Spark is a big data parallel computing framework based on memory computation. Spark is based on memory computation and is built on a unified and abstract RDD (resilient distributed data set, resilient Distributed Datasets), so that the real-time performance of data processing in a big data environment is improved, high fault tolerance and high scalability are ensured, and a user is allowed to deploy Spark on a large amount of cheap hardware to form a cluster. RDD is a fault-tolerant, parallel data structure, which allows users to explicitly store data to disk and memory, and can control the partitioning of data, and large data analysis and processing has extremely high performance.

The method comprises the steps of storing original data into RDD, decomposing the RDD into a plurality of tasks with the same logic after triggering actions by using MapReduce principle, and distributing the tasks to a plurality of Executor for parallel execution.

In this embodiment, the history data obtained in step S1 is stored in RDD to generate an RDD dataset, the RDD dataset is divided into a plurality of sub-datasets, each sub-dataset is respectively subjected to data preprocessing, and tasks of the data preprocessing of the plurality of sub-datasets are distributed to a plurality of corresponding executors for parallel operation.

Wherein, data preprocessing includes: data outlier processing, data missing value processing, data noise reduction and normalization processing. The method comprises the following steps:

(1) Data outlier handling

And (3) referring to the reasonable range table 1 of the test values for preprocessing the data of each index data obtained, and eliminating the data which are not in the range.

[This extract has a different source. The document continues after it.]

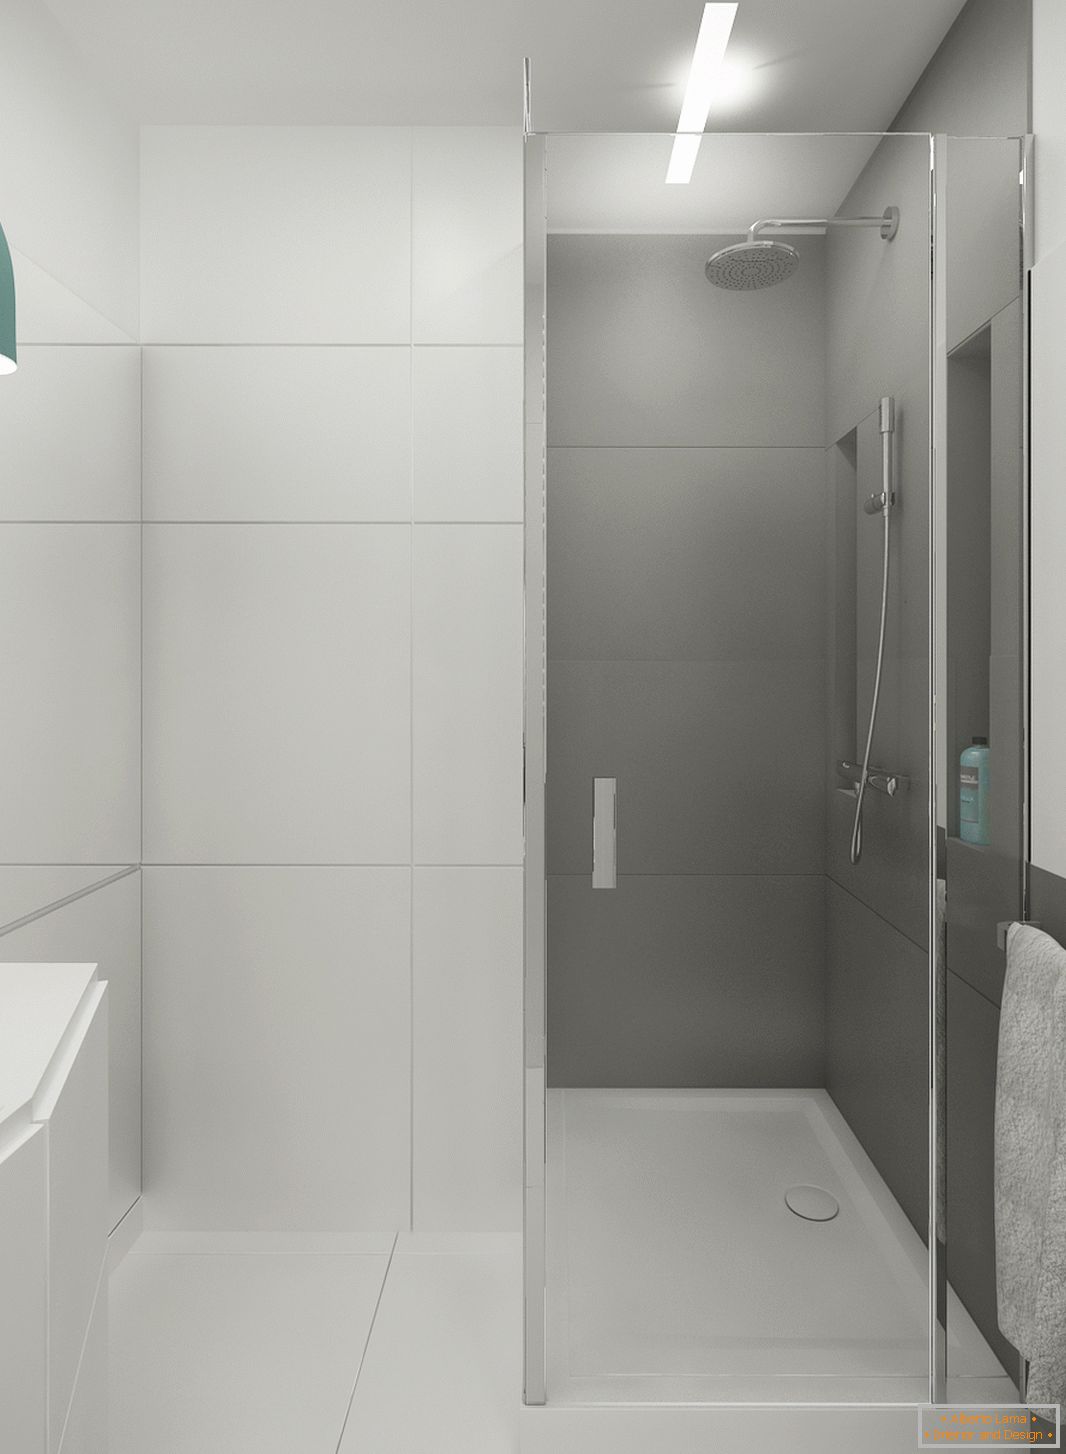 Bathroom in white color

Table 1 parameter rational range table

(2) Data missing value handling

For the condition of the index data missing, in order to ensure the continuity and the authenticity of the data, the following conditions are respectively processed:

a) For the situation of sporadic data missing, adopting an average value of data values before and after the missing point as missing point data;

b) For the condition of a small amount of data missing, an interpolation method is adopted for processing, and a specific interpolation formula is shown as a formula (1):

c) For the case of a large amount of data missing, such as caused by fan maintenance or planned limiting, the time data should be discarded as invalid data.

(3) Data denoising process

Due to the influence of factors such as environment, the acquired index data is mixed with a lot of noise, and denoising processing is needed.

In this embodiment, denoising is performed by using a wavelet threshold method, after wavelet decomposition is performed on each index, the wavelet coefficient of the original signal is larger than the wavelet coefficient of the noise, and a proper threshold is selected to separate the signal and the noise, and then the signal is reconstructed, so as to achieve the effect of denoising, which specifically comprises the following steps:

a) Selecting a Haar wavelet basis function to perform 3-layer decomposition on the acquisition index value;

b) Threshold processing is carried out on each detail coefficient according to the formula (2), and noise is separated from normal data;

c) Reconstructing the data after noise removal to obtain processed data.

(4) Data normalization

The indexes such as wind speed, air pressure, humidity and the like are treated according to a formula (3) by referring to the maximum value and the minimum value:

wherein, the value is the normalized result, the value range is 0-1, and the value is _max ,value _min And value _t Representing the maximum, minimum and current values within the index data set, respectively.

The temperature normalization is performed according to the following formula (4):

wherein T is the normalized temperature value, T _t Is the current temperature value.

The wind direction is between 0 and 360 degrees, and can be normalized to be between 0 and 1 by combining sine and cosine values.

Step S3, a feature vector is established according to the preprocessed data, and is divided into a training sample and a test sample;

s4, training the KELM model by using a training sample, and optimizing regularization coefficients and nuclear parameters of the KELM model by using a PCFOA algorithm to obtain an optimized KELM model;

the fruit Fly Optimization Algorithm (FOA) is a search type global optimization evolution algorithm which is evolved from fruit fly foraging behaviors, has fewer FOA adjusting parameters, is simple to operate and is easy to be practically applied.

Based on FOA, in the embodiment, a parallel chaos fruit fly algorithm PCFOA is designed based on a Spark platform, the process of searching the optimal taste concentration position of individual fruit flies is parallelized, namely, a fruit fly population with the size of N is divided into N independent parallel units, each individual fruit fly calculates the taste concentration value according to a fitness function and locally searches for an updated position from the current position, and the steps are performed by the Spark frame to perform parallel calculation.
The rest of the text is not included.